Brief
Start at the first line below and write out everything verbatim except the pictures.

Dataset excerpt
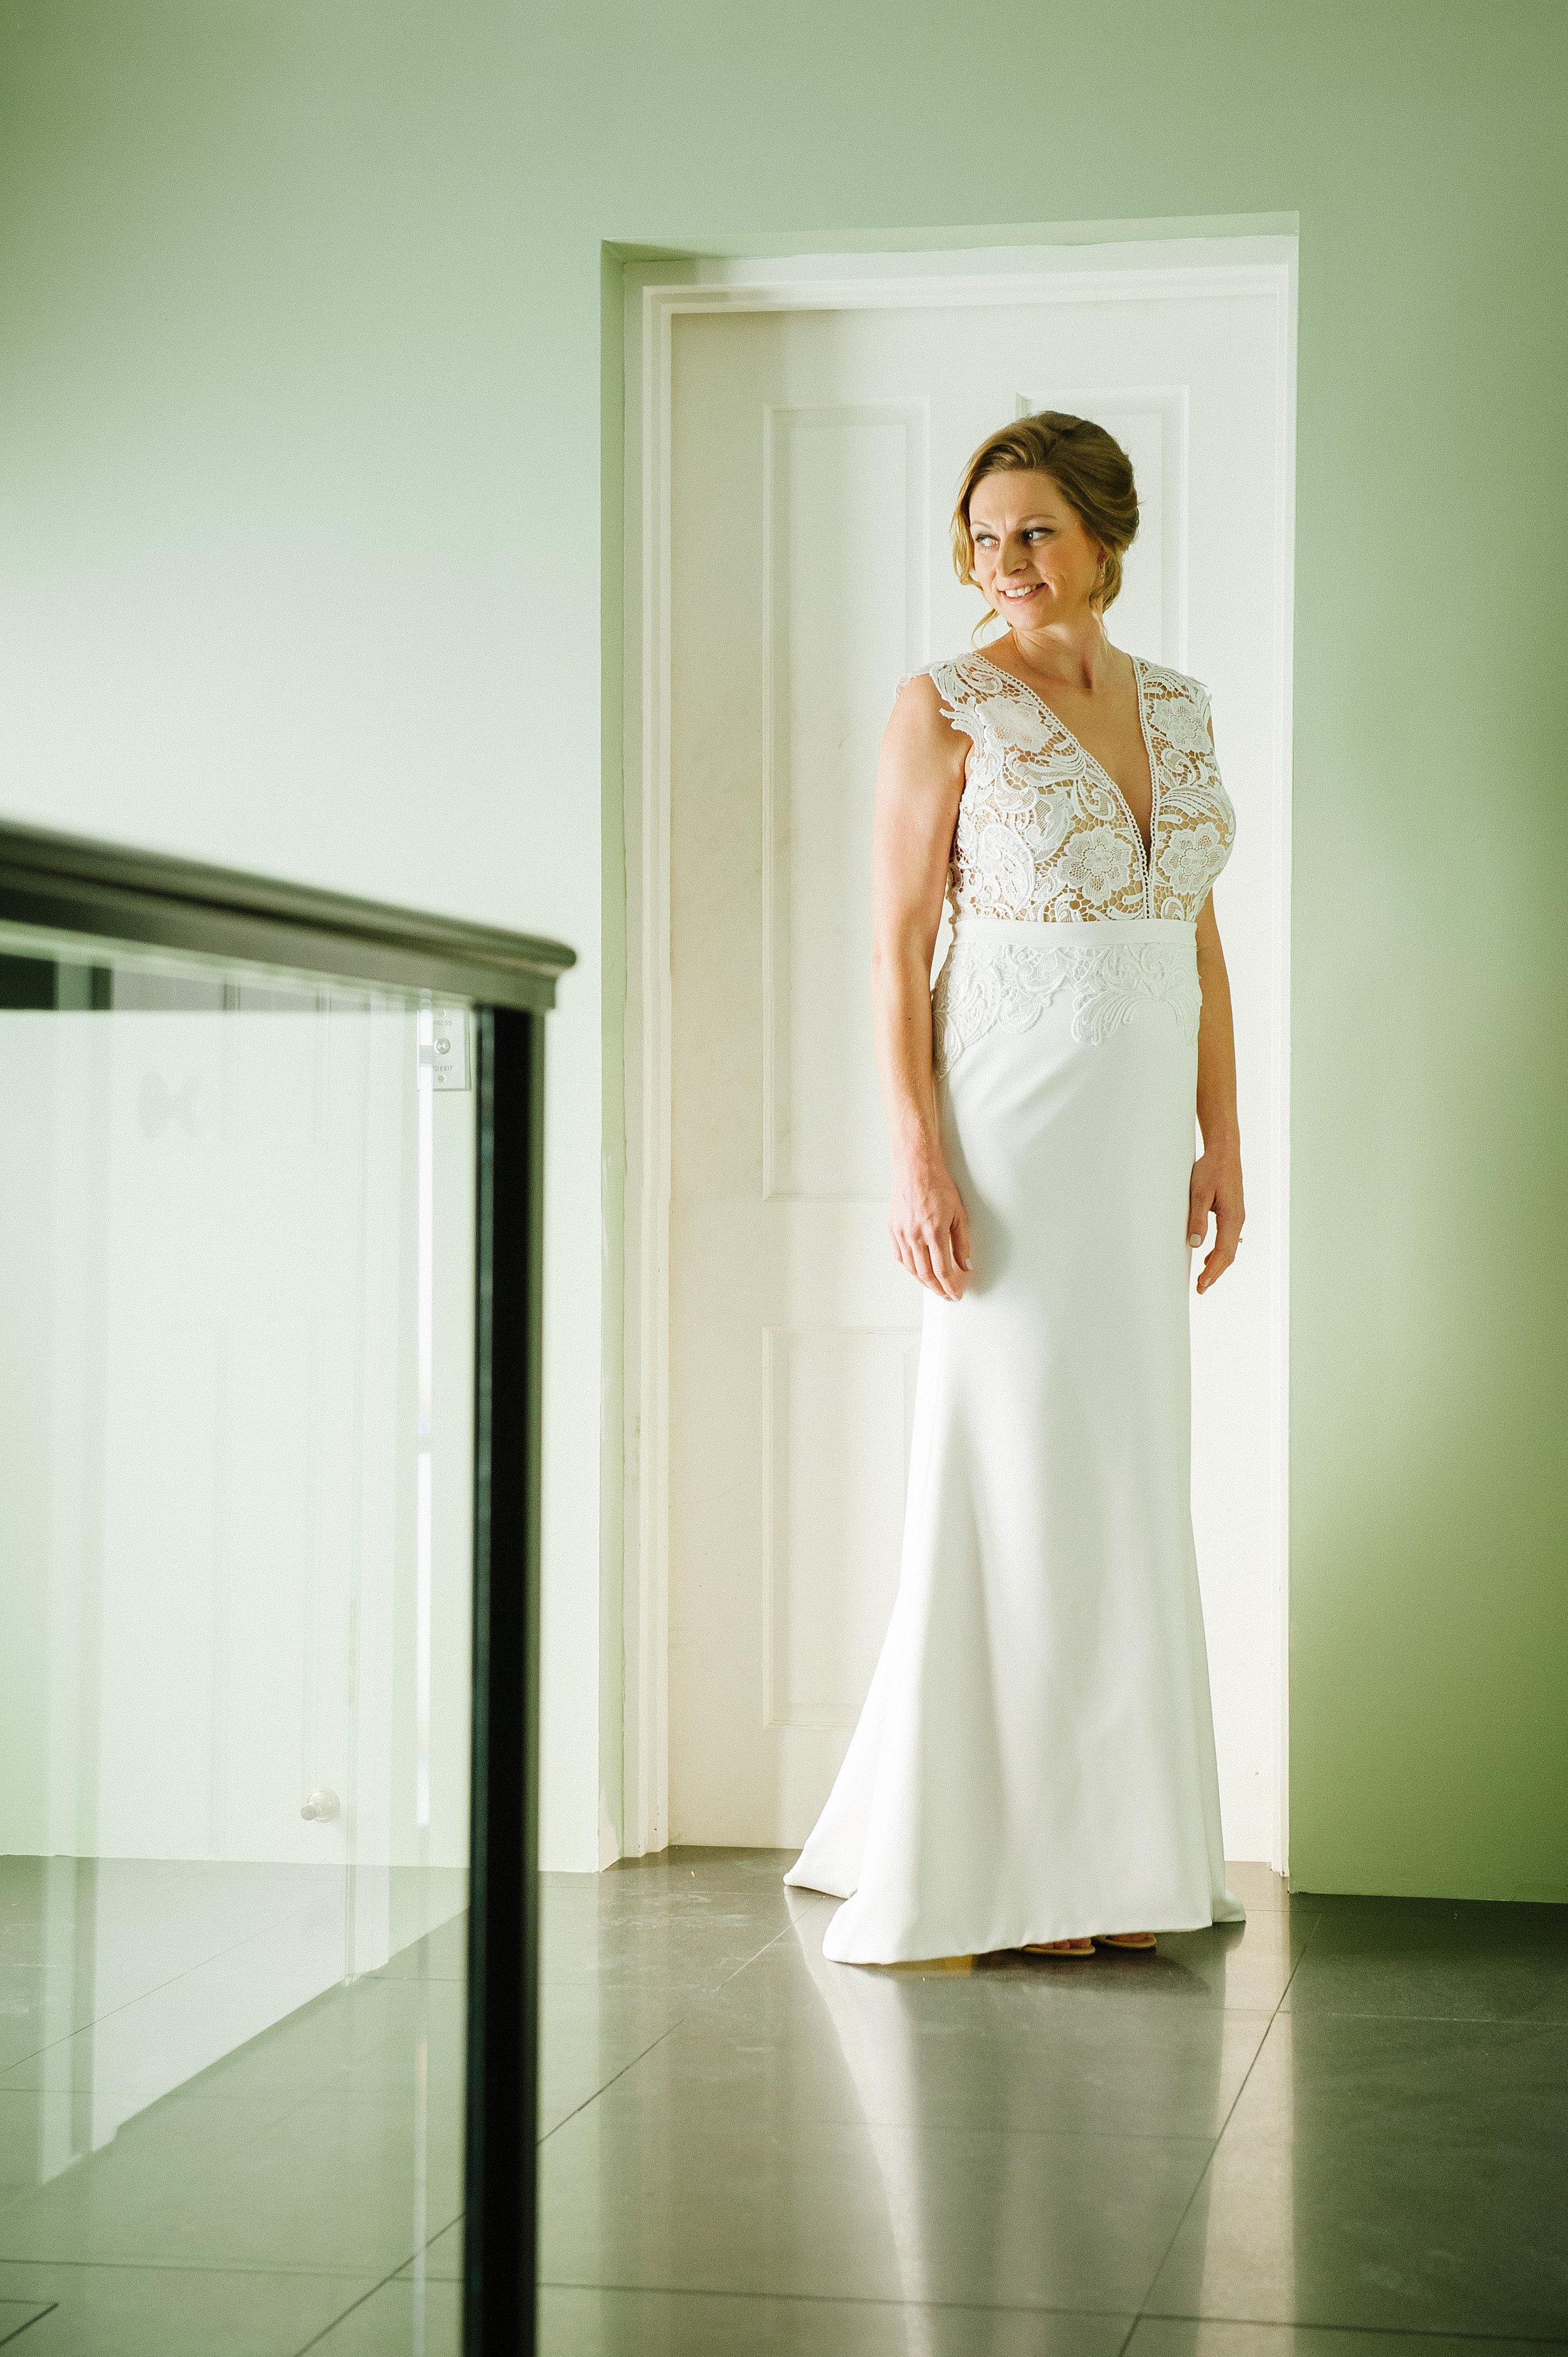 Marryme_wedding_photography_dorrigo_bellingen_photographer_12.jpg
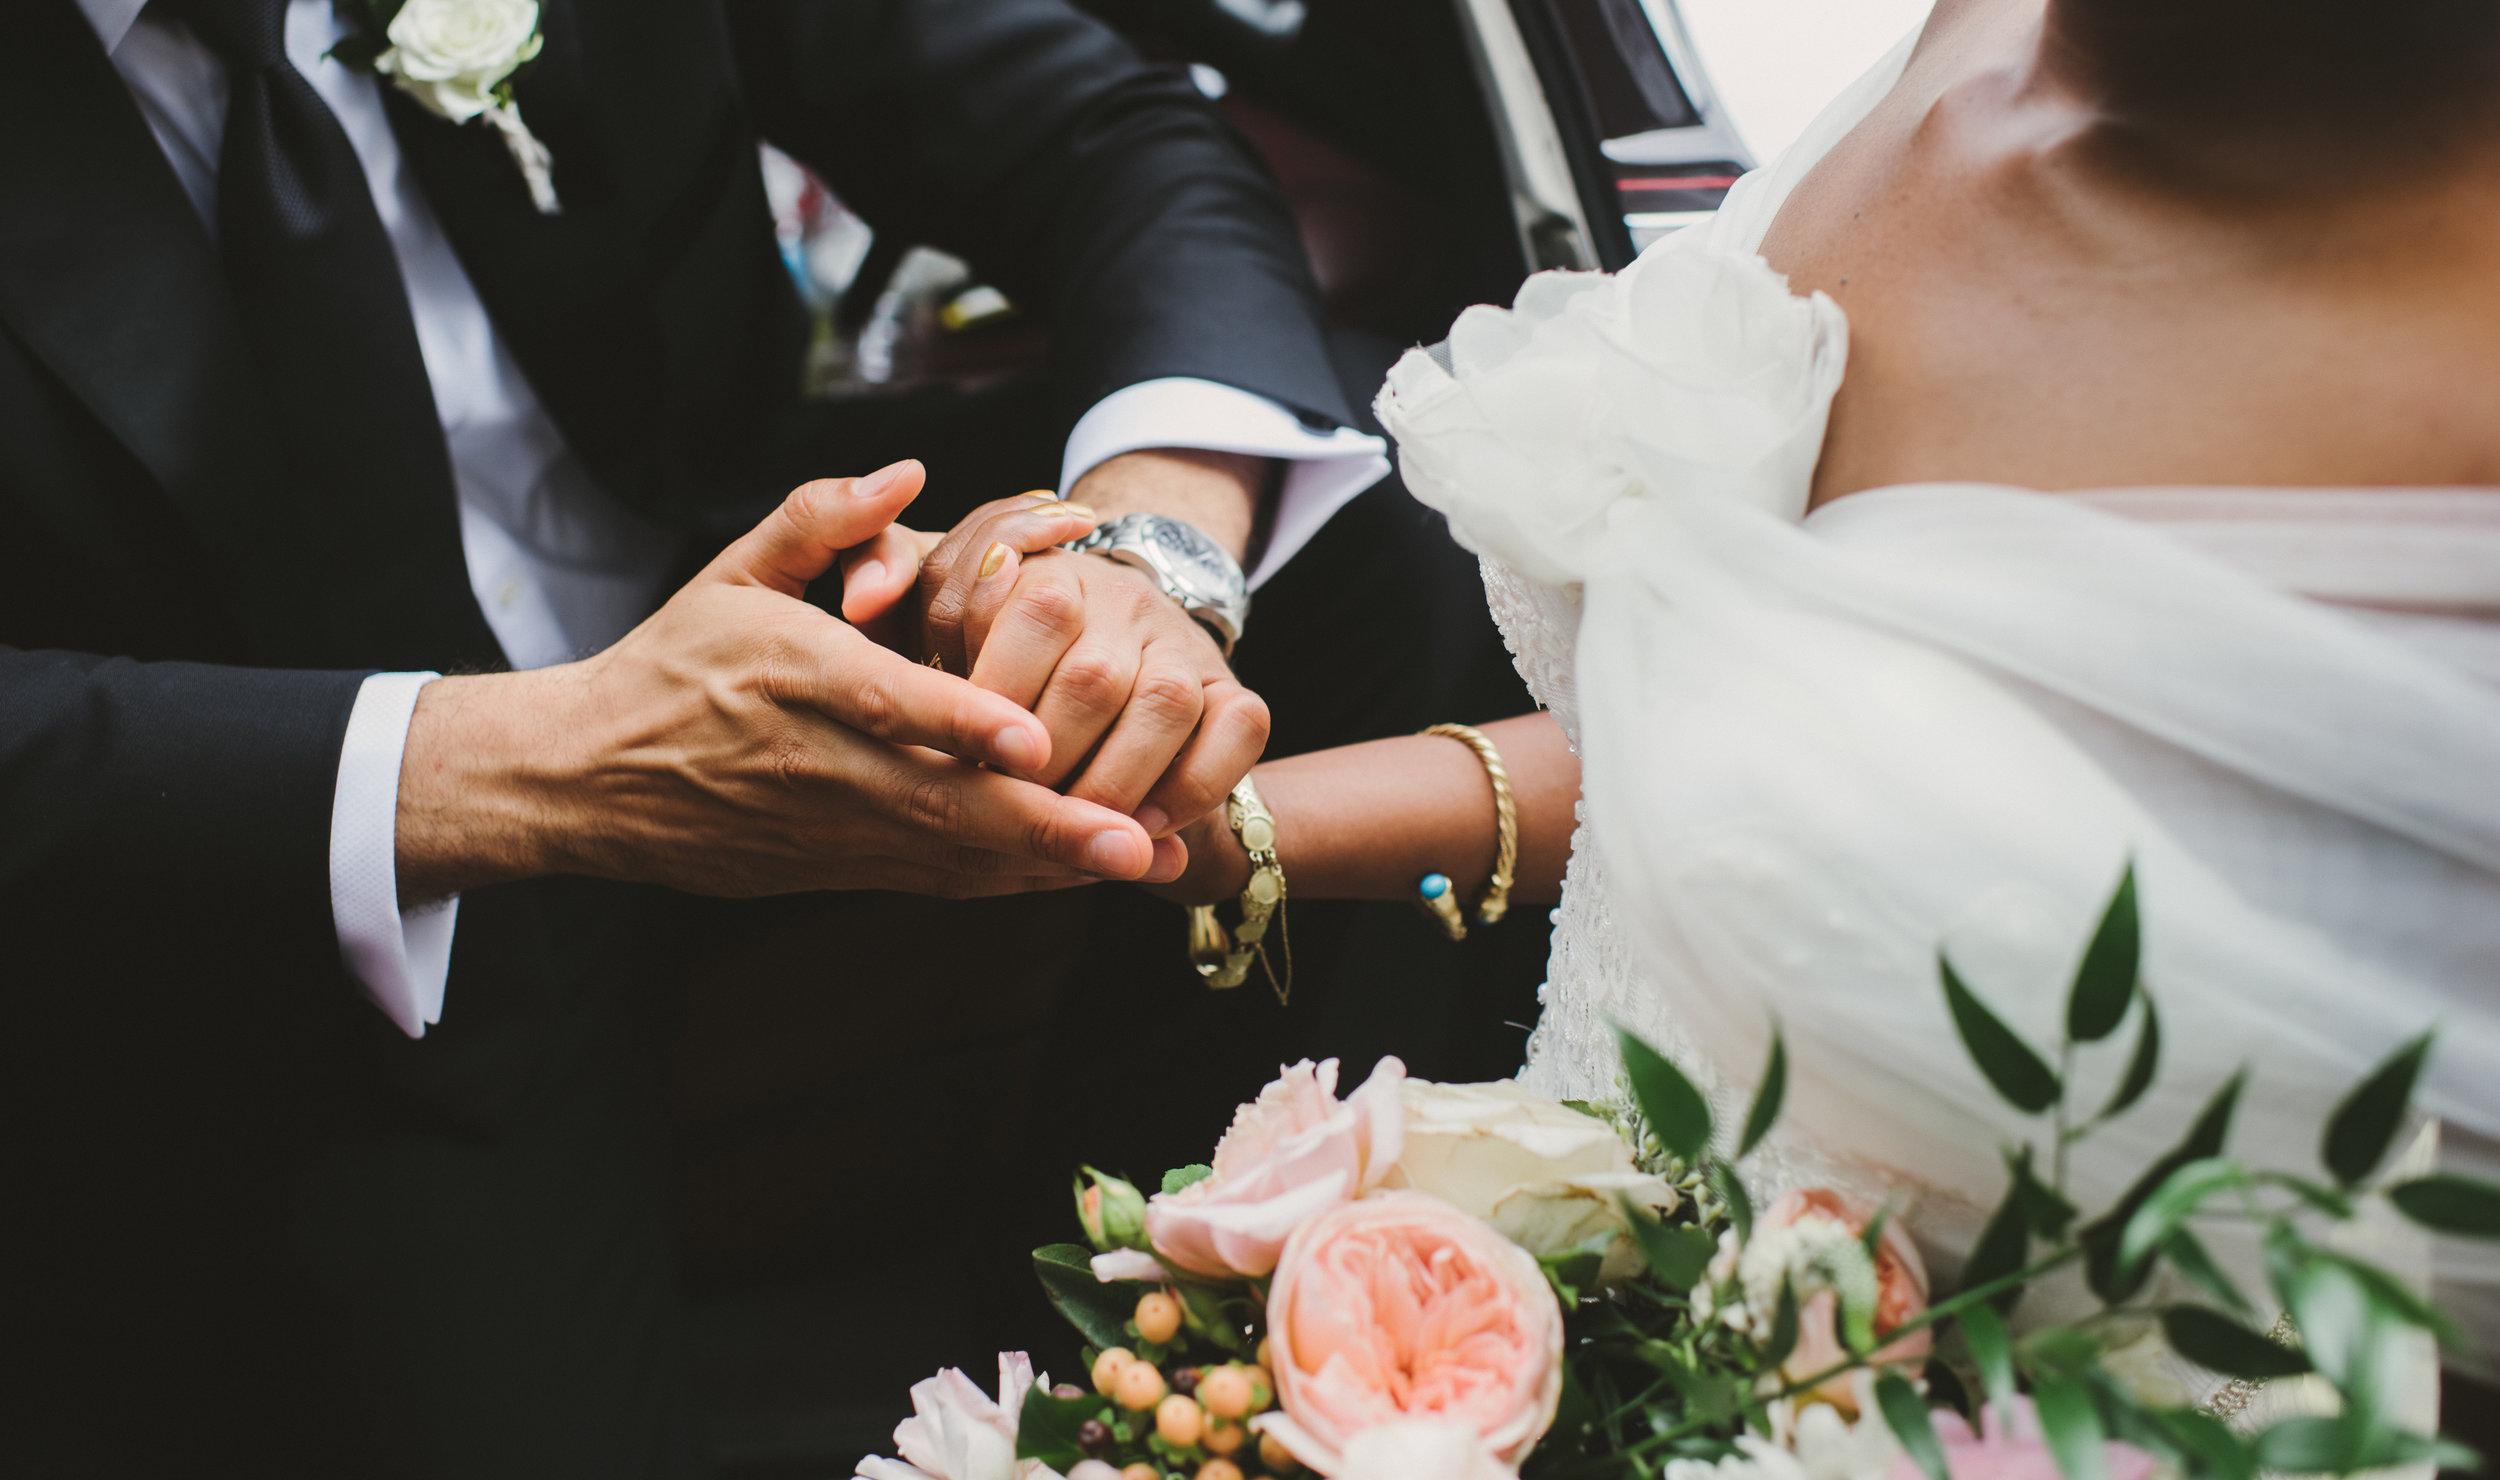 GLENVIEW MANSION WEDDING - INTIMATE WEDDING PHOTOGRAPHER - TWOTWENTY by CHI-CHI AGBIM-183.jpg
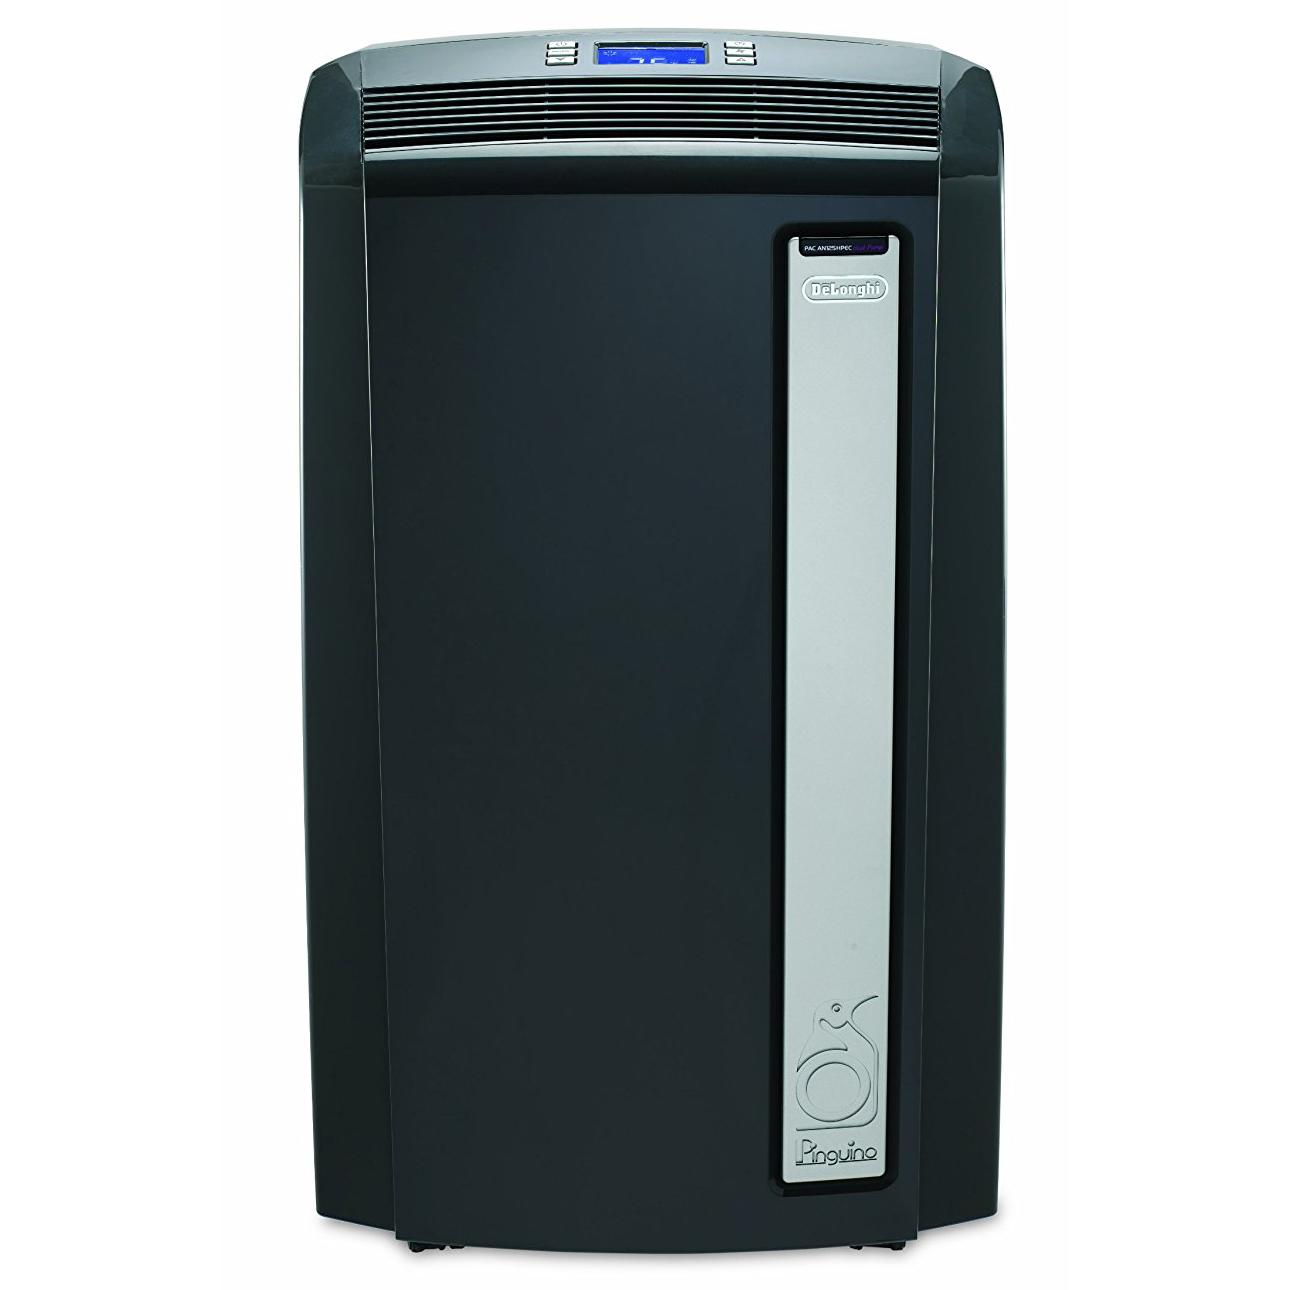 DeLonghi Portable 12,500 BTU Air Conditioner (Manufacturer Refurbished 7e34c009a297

Task solution
 Marryme_wedding_photography_dorrigo_bellingen_photographer_12.jpg
 GLENVIEW MANSION WEDDING - INTIMATE WEDDING PHOTOGRAPHER - TWOTWENTY by CHI-CHI AGBIM-183.jpg
 DeLonghi Portable 12,500 BTU Air Conditioner (Manufacturer Refurbished 7e34c009a297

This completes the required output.